The definitions for some of the listed physicochemical properties are:

**Max Phase** - Maximum phase of development reached for the compound (where 4 = approved). Null is where max phase has not yet been assigned.

**Bioactivities** - Various biological assays used for the compounds e.g. IC~50~, GI~50~, potency tests etc.

**AlogP** - Calculated partition coefficient

**HBA** - Number of hydrogen bond acceptors

**HBD** - Number of hydrogen bond donors

**#RO5 Violations** - Number of violations of Lipinski's rule-of-five, using HBA and HBD definitions

**Passes Ro3** - Indicating whether the compound passed the rule-of-three (MW \< 300, logP \< 3 etc)

**QED Weighted** - Weighted quantitative estimate of drug likeness [@Bickerton2012]

**Inorganic flag** - Indicating whether the molecule is inorganic (i.e., containing only metal atoms and \<2 carbon atoms), where 1 = inorganic compound and 0 = non-inorganic compound (-1 meaning preclinical compound or not a drug)

**Heavy Atoms** - Number of heavy (non-hydrogen) atoms

**CX Acidic pKa** - The most acidic pKa calculated using ChemAxon v17.29.0

**CX Basic pKa** - The most basic pKa calculated using ChemAxon v17.29.0

**CX LogP** - The calculated octanol/water partition coefficient using ChemAxon v17.29.0

**CX LogD** - The calculated octanol/water distribution coefficient at pH = 7.4 using ChemAxon v17.29.0

**Structure Type** - based on compound_structures table, where SEQ indicates an entry in the protein_therapeutics table instead, NONE indicates an entry in neither tables, e.g. structure unknown

**Inchi Key** - the IUPAC international chemical identifier key

The older version of this post has had a code section for changing the data types of several columns.
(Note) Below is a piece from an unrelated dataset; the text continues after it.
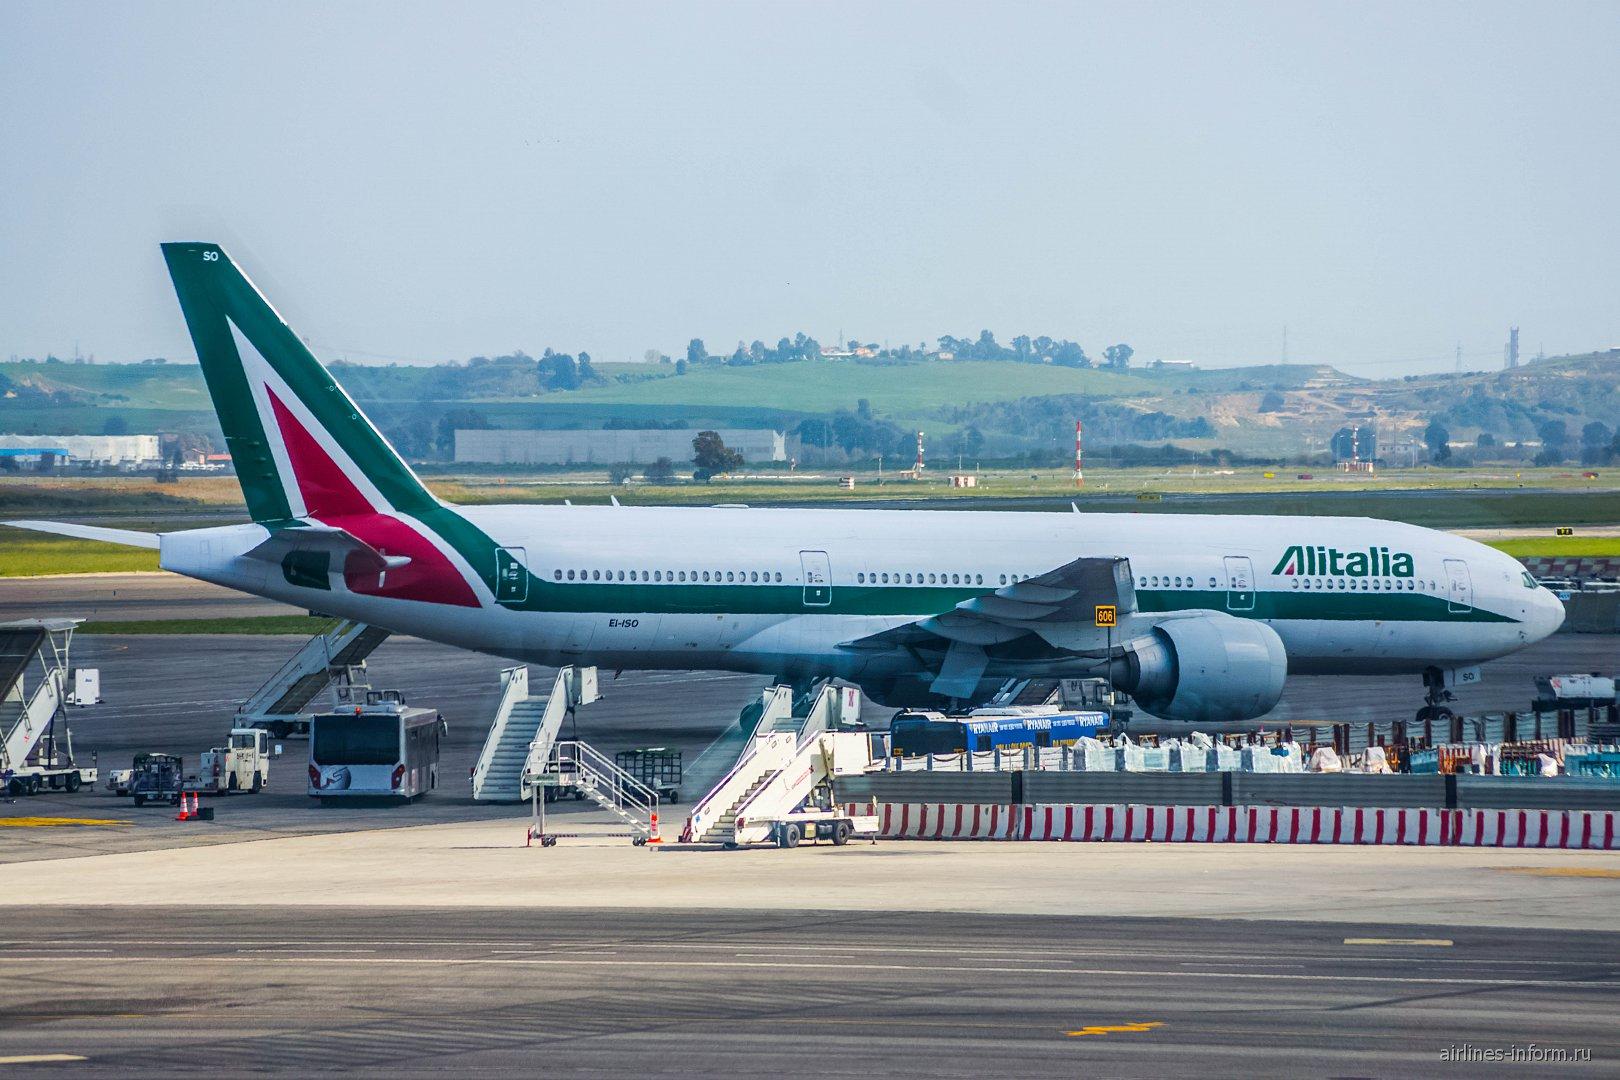 Боинг-777-200 авиакомпании Alitalia в аэропорту Рим Фьюмичино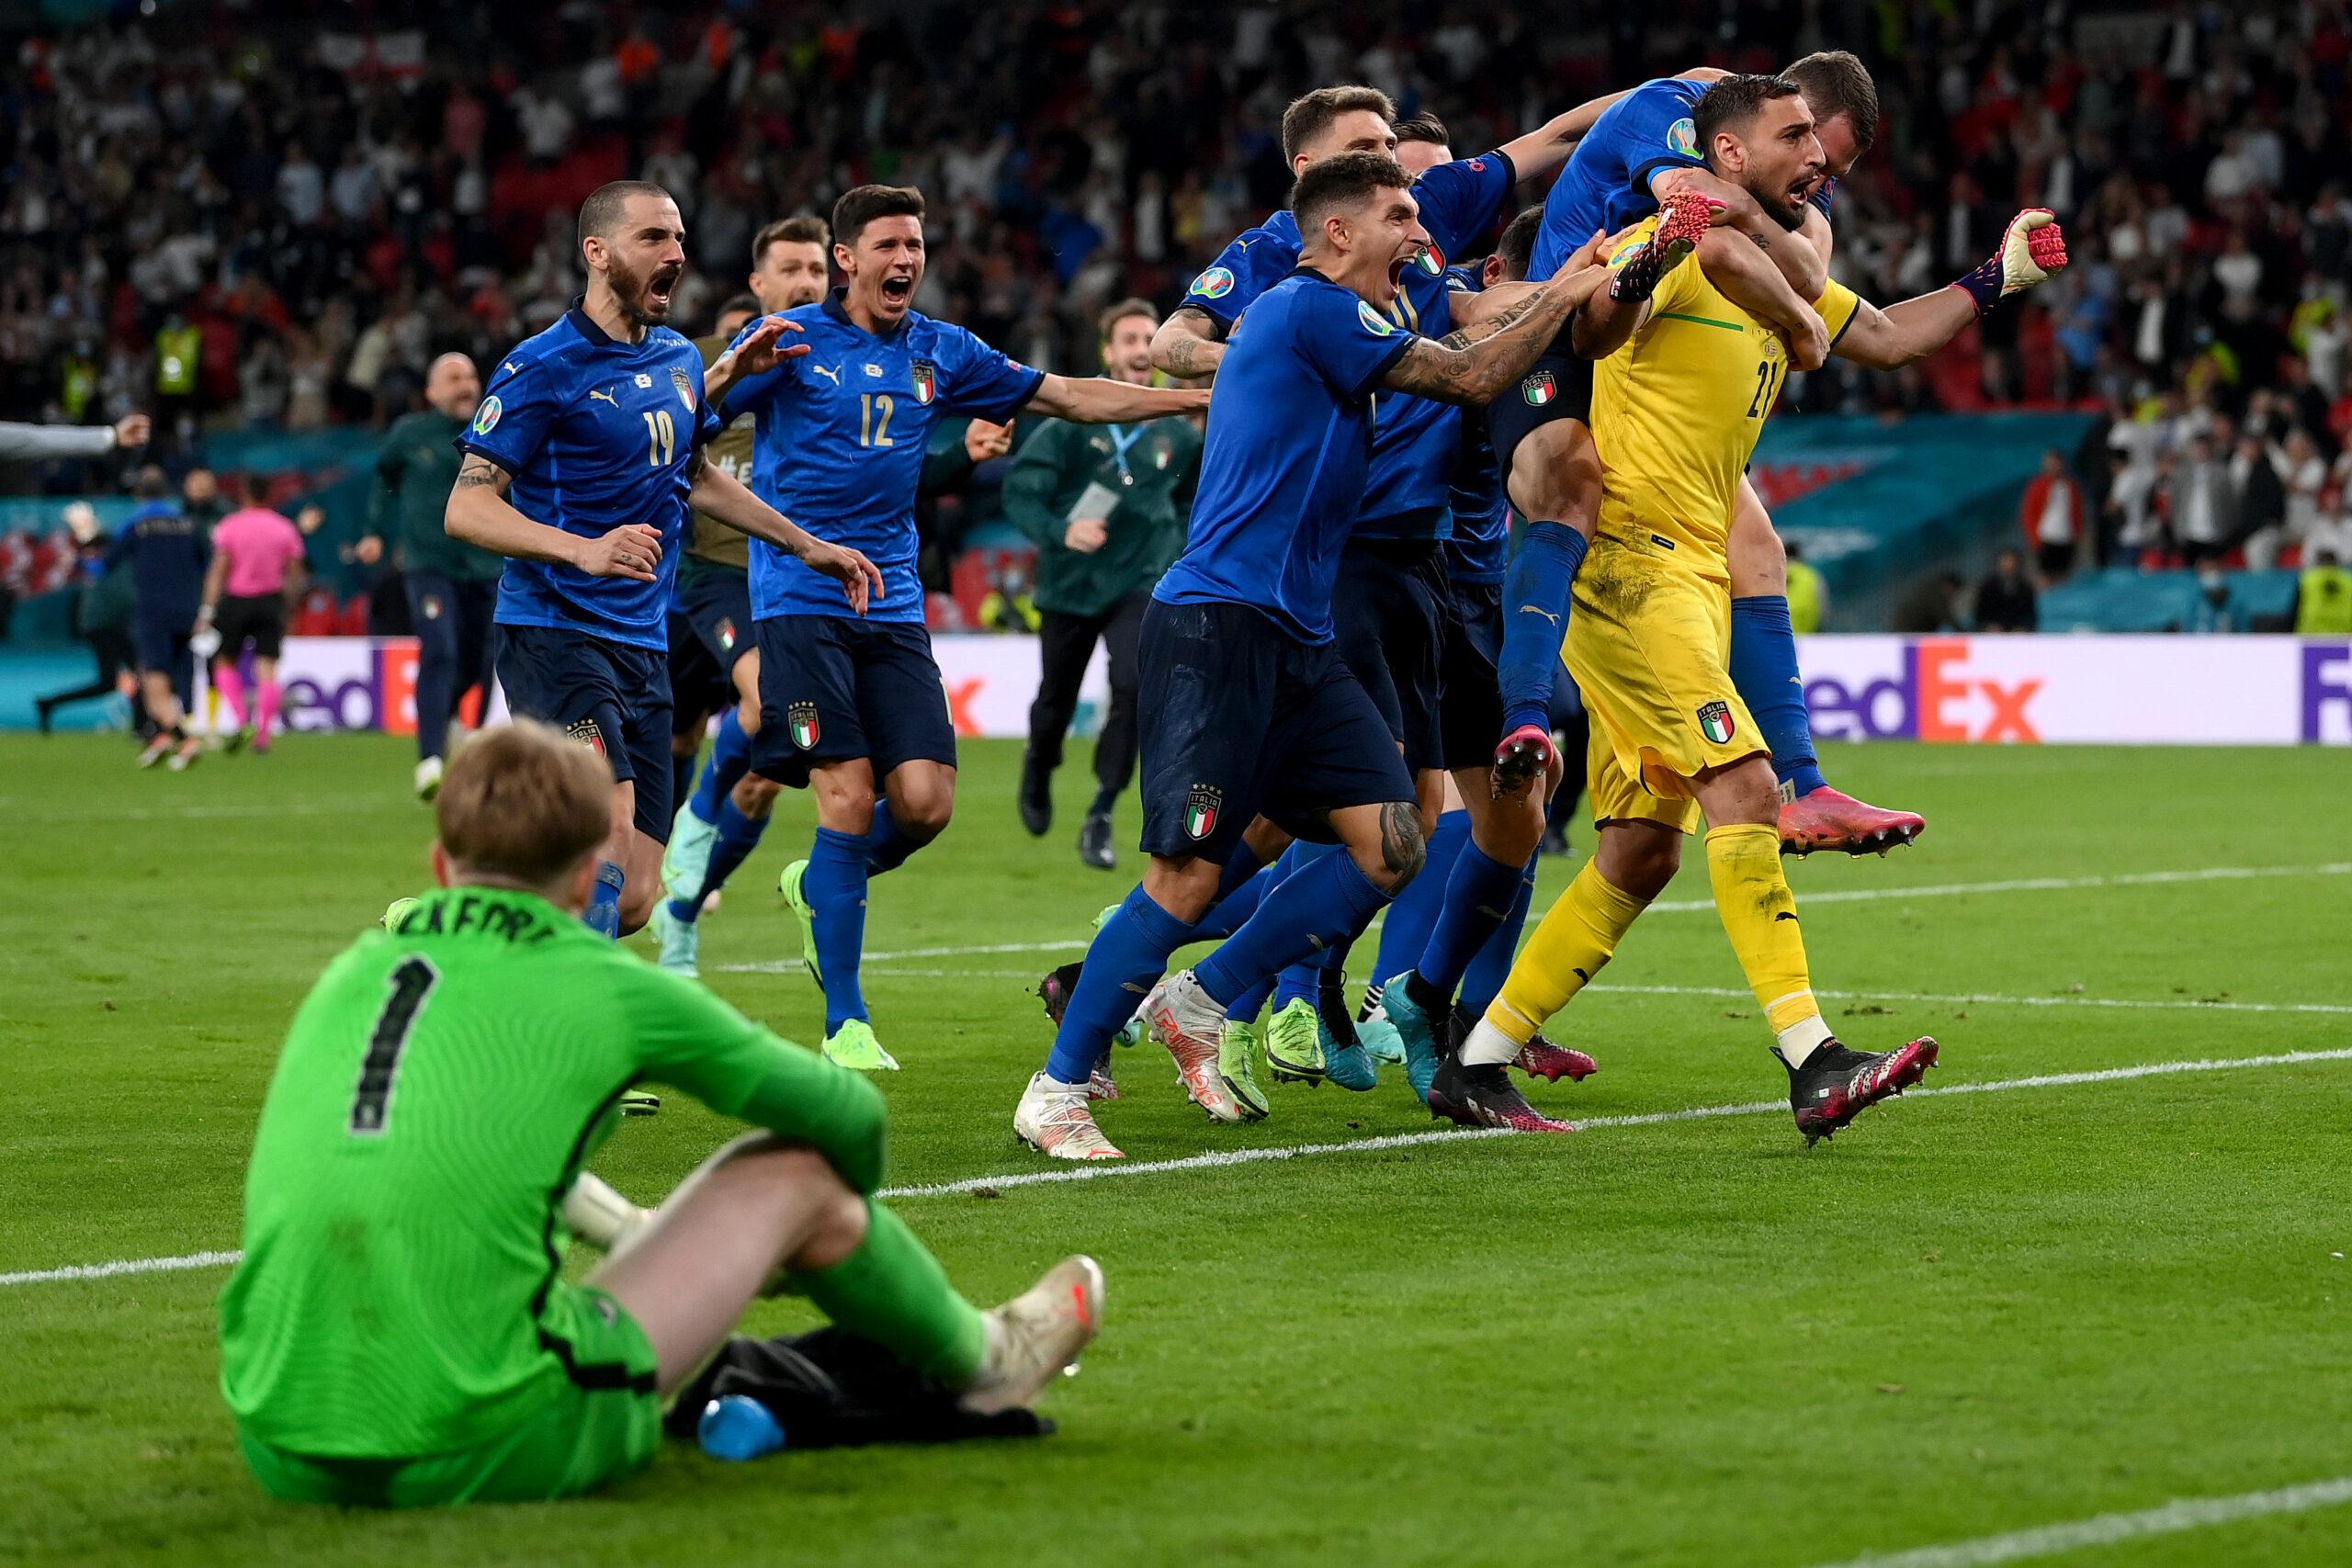 Itália vence a Inglaterra nos pênaltis e conquista a Eurocopa

I've found out that this is no longer needed as I've taken care of this in the first post when I've specifically stated the null_values (e.g. "None" and "") to be converted to"null" during `pl.read_csv()`. When the same dataframe df_pa is read here, you'll notice that the data type for each column should be how it should be, matching the data inside each column.

<br>

##### **Dealing with nulls**

I'm using `null_count()` to see the distributions of all null entries in the dataset.

In [4]:
# Alternative code: df_pa.select(pl.all().null_count())
df_pa.null_count()

ChEMBL ID,Name,Synonyms,Type,Max Phase,Molecular Weight,Targets,Bioactivities,AlogP,Polar Surface Area,HBA,HBD,#RO5 Violations,#Rotatable Bonds,Passes Ro3,QED Weighted,CX Acidic pKa,CX Basic pKa,CX LogP,CX LogD,Aromatic Rings,Structure Type,Inorganic Flag,Heavy Atoms,HBA (Lipinski),HBD (Lipinski),#RO5 Violations (Lipinski),Molecular Weight (Monoisotopic),Molecular Species,Molecular Formula,Smiles,Inchi Key
u32,u32,u32,u32,u32,u32,u32,u32,u32,u32,u32,u32,u32,u32,u32,u32,u32,u32,u32,u32,u32,u32,u32,u32,u32,u32,u32,u32,u32,u32,u32,u32
0,1795946,1753154,0,0,0,0,0,26426,26426,26426,26426,26426,26426,26426,26426,783038,691442,26560,26560,26426,0,0,26426,26426,26426,26426,0,43392,0,0,0


The following is basically several different ways to remove null values from the original dataset.

In [5]:
## ---Drop all rows with null entries---
#df_pa.drop_nulls()

## Number of rows reduced to 2,645 - seems way too much...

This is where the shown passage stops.